« Après l’accident, pas question de me remettre à aimer quelqu’un. Pourquoi ? Parce qu’ils s’éloignent à tire-d’aile, vous laissant seule. Trop risqué. » (p. 34)
T-Man roule si vite, dans son 4x4. Et il rit, déboîte sur les voies rapides avec de brusques embardées, fait des queues de poisson aux autres véhicules. Sur la banquette arrière, je crispe mes poings sur ma bouche, pour que personne ne devine ma peur, ni ce à quoi je pense : Ils ne savent pas. Ils ne savent pas quel effet ça fait de perdre le contrôle de la voiture qu'on conduit, de partir en vrille et de se crascher ; de se déchirer à tel point la gorge à force de crier qu'on a l'impression de cracher du feu. Ou ce qu'on ressent pendant une fraction de seconde où l'on saisit qu'on a perdu le contrôle et qu'on ne le reprendra pas.
Mes amis ne savent pas.
Mais je ne suis pas certaine de vouloir être aimée. On finit juste par souffrir au bout du compte.
Le docteur de la clinique à Tarrytown m'a dit que la codéine, c'est fort, et qu'une fois mon traitement achevé, basta. Si j'ai mal quelque part, je pourrai prendre de l'aspirine. "Ça sera un peu difficile au début, Jenna, mais tu t'y habitueras", elle m'a dit avec un sourire, alors j'ai commencé à trembler, je me doutais de ce qui allait m'arriver.

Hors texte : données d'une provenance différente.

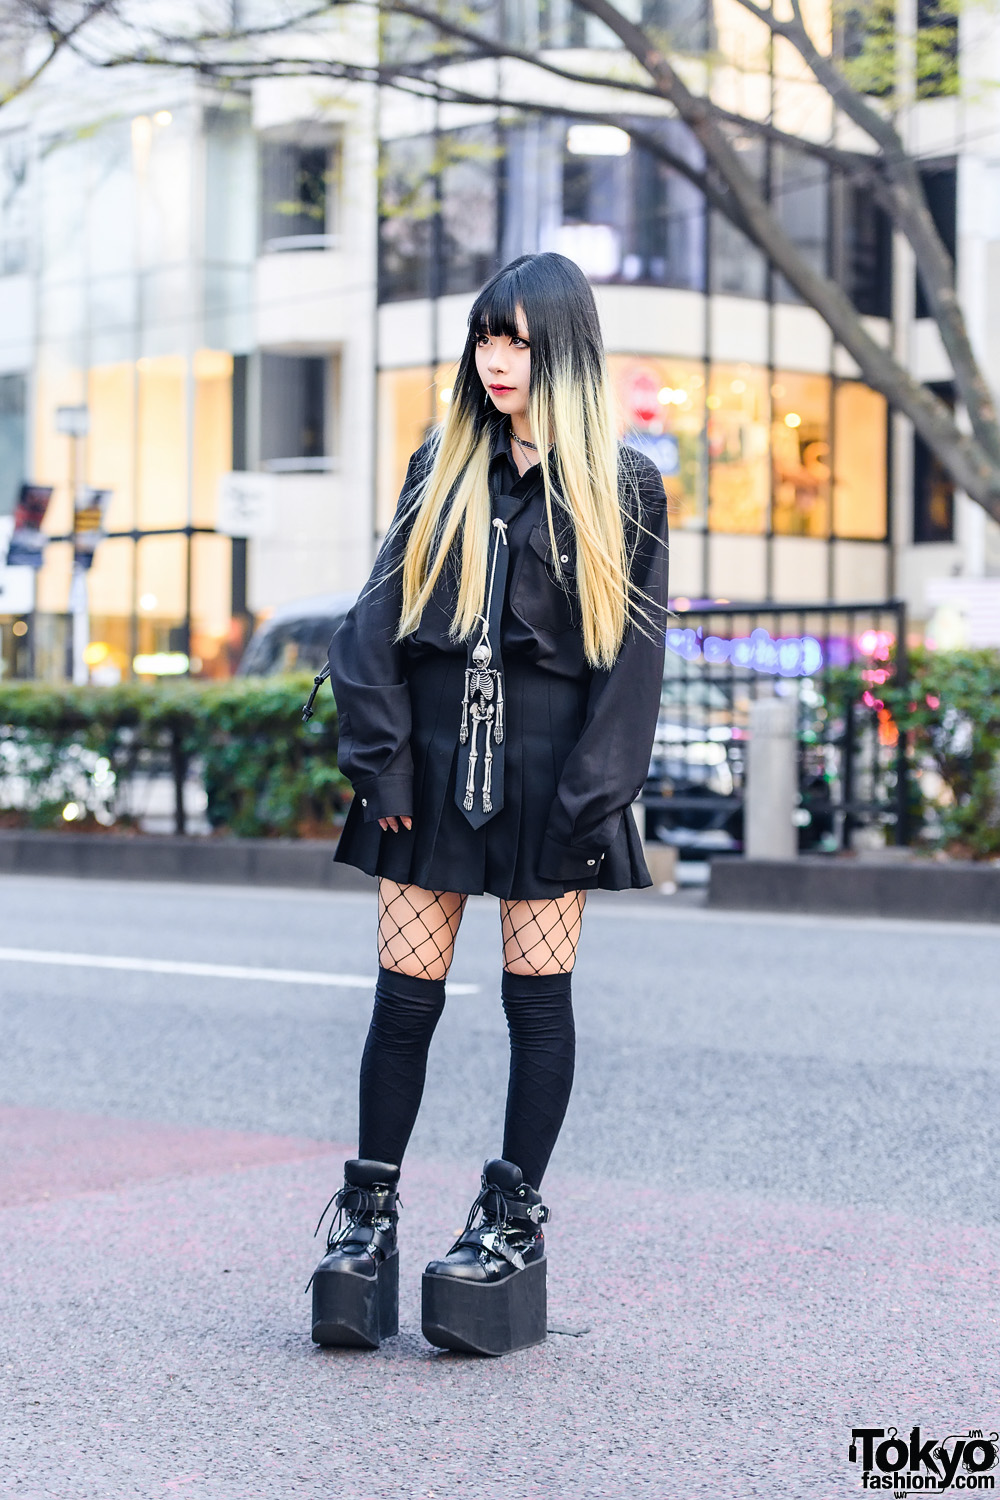 All Black Tokyo Streetwear w/ Two-Tone Hair, Noble Noire Tokyo Accessories, Skeleton Necktie, Pleated Skirt, Fishnets, Killstar Bag & Platform Boots

- Laisse-la te traverser, Jenna, dit Crow.
- Que je laisse quoi me traverser ?
- Ta peur.
- Elle ne me traverse pas. Elle s'incruste.
- Fais le vide en toi, comme la lumière. Que la peur te traverse. Ne la laisse pas
s'incruster.
- Je ne peux pas...
- Moi, je fais le vide en moi. C'est comme çà que je franchis l'obstacle.
En août, papa est revenu à Tarrytown, me rendre visite au centre de rééducation.
Tout sourire, à me dire que j'étais belle comme un coeur. Il reconnaissait enfin sa fille.
Il espérait, disait-il, que je lui permettrais de "se rattraper"-pour tout ce temps où il n'avait pas fait partie de ma vie.
Dans le bleu c'était l'endroit le plus heureux. Dans le bleu c'était où j'attendais quand je fermais les yeux.
Après l'accident, mes blessures resteraient secrètes, je l'avais décidé.
Et on ne me ferait plus jamais mal, je l'avais décidé.
Quand les gens entrent dans ta vie, il y a toujours une raison, vois-tu. Ils ne la connaissent peut-être pas eux-mêmes. Tu ne la connais peut-être pas toi-même. N'empêche qu'il y a une raison. Forcément.
[…] c’était ainsi qu’elle m’avait sauvé la vie.
Sauvé la vie pour quoi faire, aucune idée.